ASSIGNMENT: The lines to be set down run from the line containing "Bruschetta del queso" through the final line of the data below; print them exactly and print nothing else.

TASK INPUT:
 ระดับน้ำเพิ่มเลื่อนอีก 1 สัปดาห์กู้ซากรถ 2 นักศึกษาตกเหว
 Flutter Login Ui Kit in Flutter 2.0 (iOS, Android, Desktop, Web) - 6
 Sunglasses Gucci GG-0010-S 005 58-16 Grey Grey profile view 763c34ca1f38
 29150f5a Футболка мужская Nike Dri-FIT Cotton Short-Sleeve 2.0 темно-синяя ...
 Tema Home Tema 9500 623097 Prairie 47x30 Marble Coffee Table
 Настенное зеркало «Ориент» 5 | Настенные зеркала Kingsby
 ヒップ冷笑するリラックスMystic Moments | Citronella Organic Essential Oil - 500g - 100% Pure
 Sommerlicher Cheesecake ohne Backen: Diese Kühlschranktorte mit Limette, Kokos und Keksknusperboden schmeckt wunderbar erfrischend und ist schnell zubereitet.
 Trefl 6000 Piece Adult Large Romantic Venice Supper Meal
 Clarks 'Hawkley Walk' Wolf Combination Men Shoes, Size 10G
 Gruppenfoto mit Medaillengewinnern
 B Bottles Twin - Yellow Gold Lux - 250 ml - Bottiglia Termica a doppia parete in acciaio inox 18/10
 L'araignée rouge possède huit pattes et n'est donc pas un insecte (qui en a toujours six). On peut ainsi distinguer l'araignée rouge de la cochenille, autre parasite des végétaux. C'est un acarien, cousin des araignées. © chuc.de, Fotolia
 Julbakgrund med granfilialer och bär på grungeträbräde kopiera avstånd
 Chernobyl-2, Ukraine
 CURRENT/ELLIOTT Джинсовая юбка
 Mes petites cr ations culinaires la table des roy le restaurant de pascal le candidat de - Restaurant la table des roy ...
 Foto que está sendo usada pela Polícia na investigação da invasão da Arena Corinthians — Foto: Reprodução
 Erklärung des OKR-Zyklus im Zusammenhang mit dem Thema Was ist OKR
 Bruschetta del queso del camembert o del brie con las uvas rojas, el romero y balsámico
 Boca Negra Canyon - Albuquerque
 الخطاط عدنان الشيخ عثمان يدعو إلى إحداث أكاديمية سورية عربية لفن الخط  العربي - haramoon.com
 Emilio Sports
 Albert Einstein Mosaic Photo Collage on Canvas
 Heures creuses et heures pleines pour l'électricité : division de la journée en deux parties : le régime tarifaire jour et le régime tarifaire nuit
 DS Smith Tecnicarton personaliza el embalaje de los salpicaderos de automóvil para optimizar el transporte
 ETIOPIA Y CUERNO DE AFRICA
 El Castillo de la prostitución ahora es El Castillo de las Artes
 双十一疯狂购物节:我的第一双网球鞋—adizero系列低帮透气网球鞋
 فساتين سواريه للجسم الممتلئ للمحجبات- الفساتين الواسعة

SOLVED EXERCISE:
 Bruschetta del queso del camembert o del brie con las uvas rojas, el romero y balsámico
 Boca Negra Canyon - Albuquerque
 الخطاط عدنان الشيخ عثمان يدعو إلى إحداث أكاديمية سورية عربية لفن الخط  العربي - haramoon.com
 Emilio Sports
 Albert Einstein Mosaic Photo Collage on Canvas
 Heures creuses et heures pleines pour l'électricité : division de la journée en deux parties : le régime tarifaire jour et le régime tarifaire nuit
 DS Smith Tecnicarton personaliza el embalaje de los salpicaderos de automóvil para optimizar el transporte
 ETIOPIA Y CUERNO DE AFRICA
 El Castillo de la prostitución ahora es El Castillo de las Artes
 双十一疯狂购物节:我的第一双网球鞋—adizero系列低帮透气网球鞋
 فساتين سواريه للجسم الممتلئ للمحجبات- الفساتين الواسعة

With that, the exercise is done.